I am finding the laplace inverse of the below :- $$\frac{1}{(p+2)^2(p^2+\omega^2)}$$
I can apply convolution theorem by taking $$f(p)=\frac{1}{(p+2)^2}, g(p)=\frac{1} {(p^2+\omega^2)}$$ and calculating the function which yield the above functions on laplace transform i.e. essentially , $$F(t)=e^{-2t}t,G(t)=\frac{\sin{\omega}t}{\omega}$$ then solve by routine integration .
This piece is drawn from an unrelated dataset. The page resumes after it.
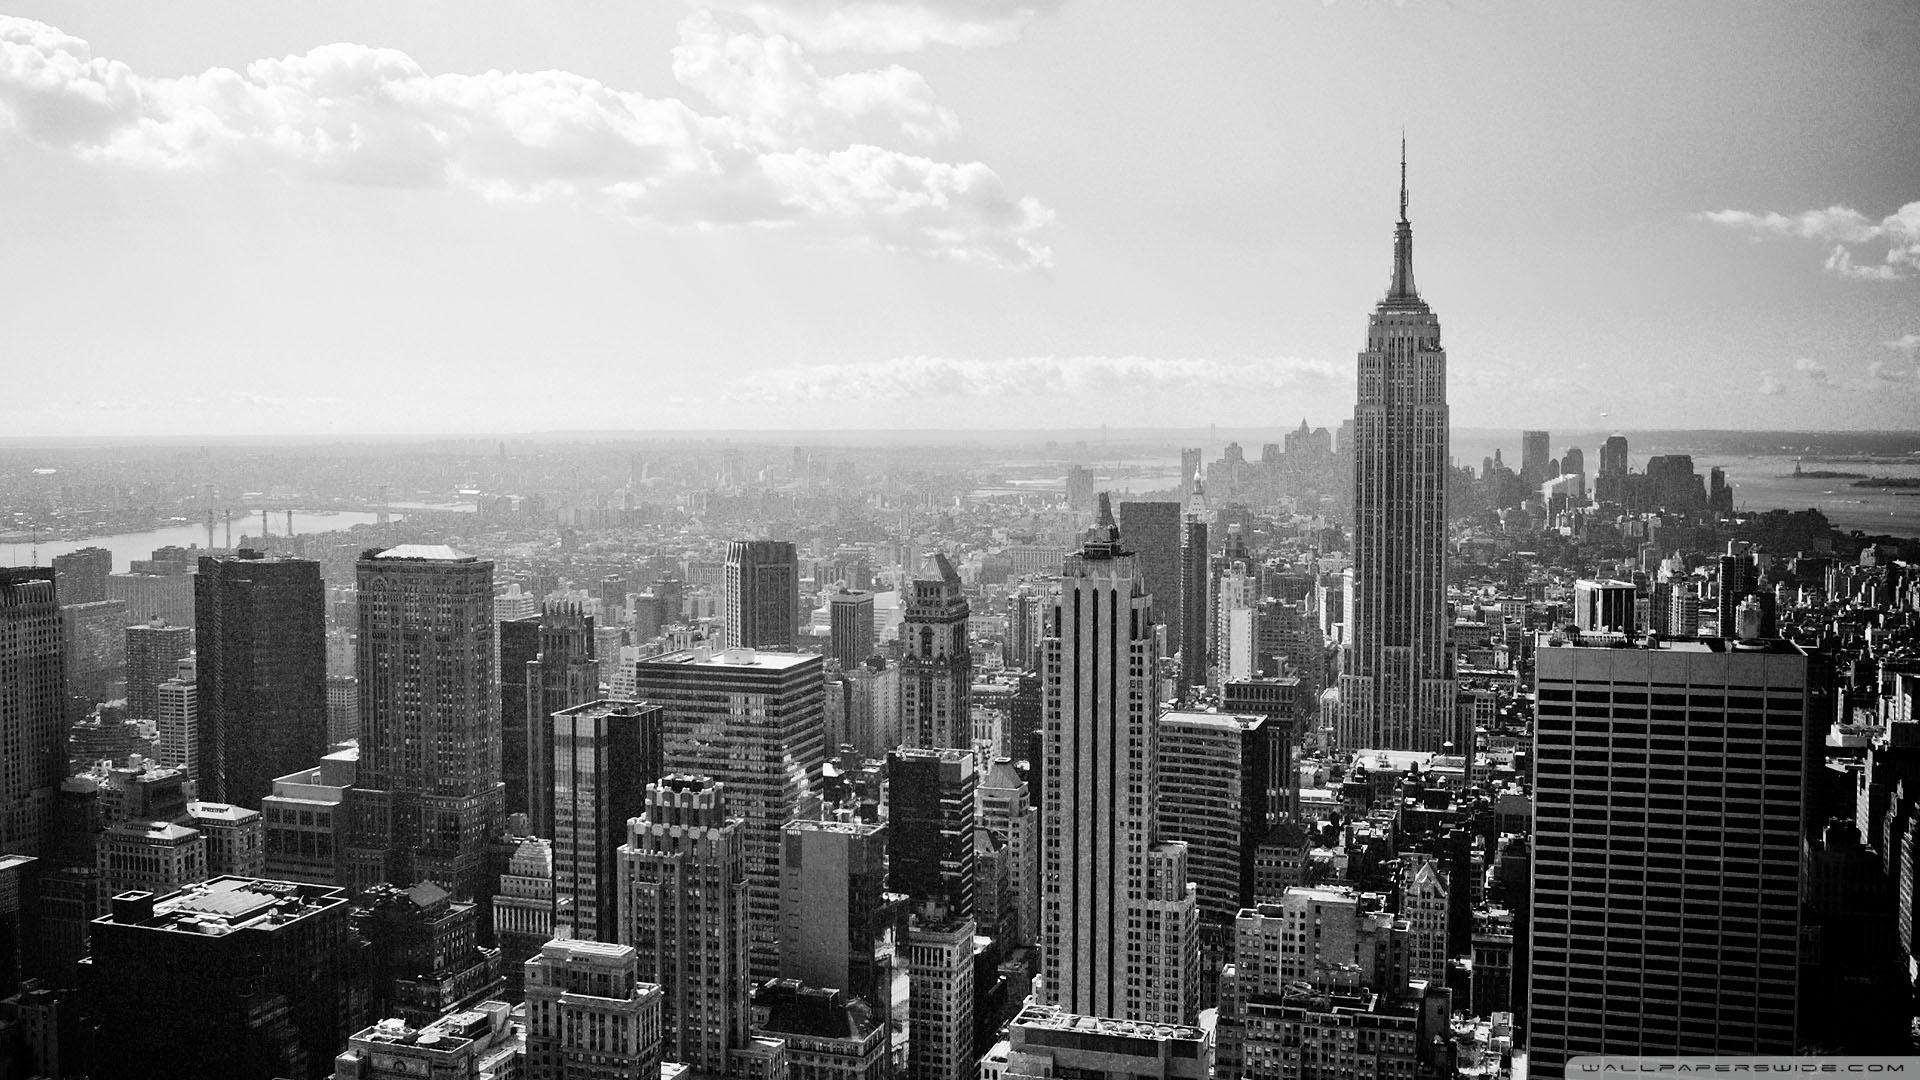 New York City Wallpaper 1920x1080 2368
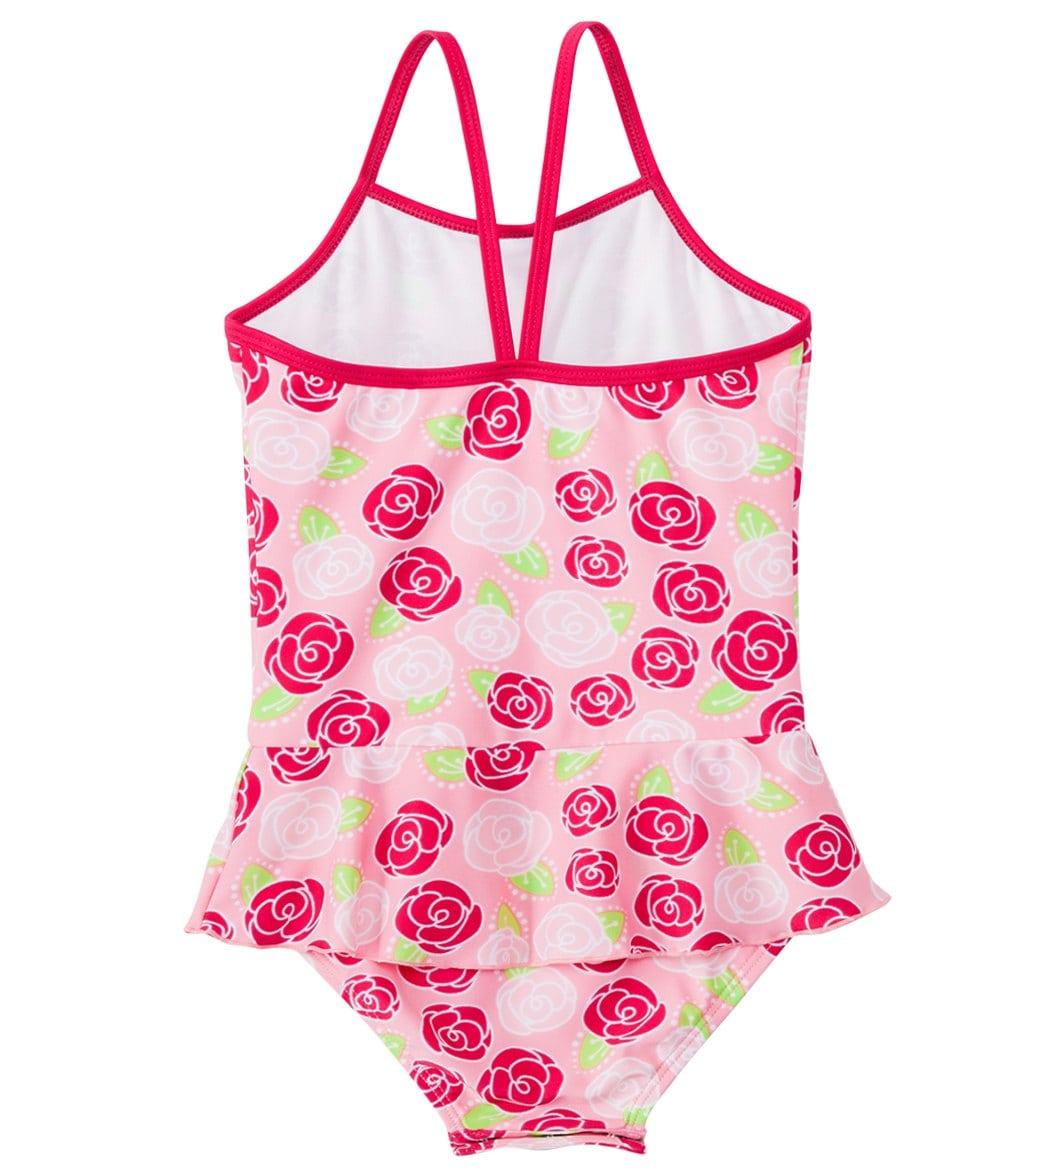 2a0ab4b29b975 SnapMe Girls' Rosalita Skirted Peplum One Piece Swimsuit UVP 50+ (6mos-8yrs

But this seems a little cumbersome . Is there a better way to solve the above ?
Thanks for reading !
On
Hint:
Use Partial Fraction Decomposition
$$\dfrac1{(p^2+w^2)(p+2)^2}=\dfrac a{p+2}+\dfrac b{(p+2)^2}+\dfrac{cp+d}{p^2+w^2}$$
Multiply both sides by $(p^2+w^2)(p+2)^2$
and use the coefficients of different exponents of $p$ to find $a,b,c,d$
Finally use the standard formulae
The inverse Laplace transformation is define as $f(t)=\frac{1}{2\pi{i}}\int_{a-i\infty}^{a+i\infty}F(p)e^{pt}dp$, where integral is taken in the complex plane along some line $(a-i\infty,a+i\infty)$, where $a$ is some real number (greater than the real part of all singularities of $F(p)$) https://en.wikipedia.org/wiki/Inverse_Laplace_transform
We can close the contour, integrating along a part of the circle of big radius $R$. Integral along this circle $\to0$ at $R\to\infty$ if $|F(p)|\to 0$ at $|p|\to\infty$ ; this is the case for $F(p)=\frac{1}{(p+2)^2(p^2+\omega^2)}$
$$f(t)=\oint_C=\frac{2\pi{i}}{2\pi{i}}\sum_{\text{all poles}}Res\frac{e^{pt}}{(p+2)^2(p^2+\omega^2)}=\frac{e^{i\omega t}}{2i\omega(2+i\omega)^2}+\frac{e^{-i\omega t}}{-2i\omega(2-i\omega)^2}+\frac{d}{dp}\bigl(\frac{e^{pt}}{p^2+\omega^2}\bigr)|_{p=-2}$$ $$=\frac{1}{\omega}\Im\frac{e^{i\omega t}}{(2+i\omega)^2}+\frac{e^{-2t}}{4+\omega^2}\bigl(t+\frac{4}{4+\omega^2}\bigr)$$ $$=\frac{(4-\omega^2)\sin \omega t-4\omega\cos\omega t}{\omega(4+\omega^2)^2}+\frac{e^{-2t}}{4+\omega^2}\bigl(t+\frac{4}{4+\omega^2}\bigr)$$
Please, check.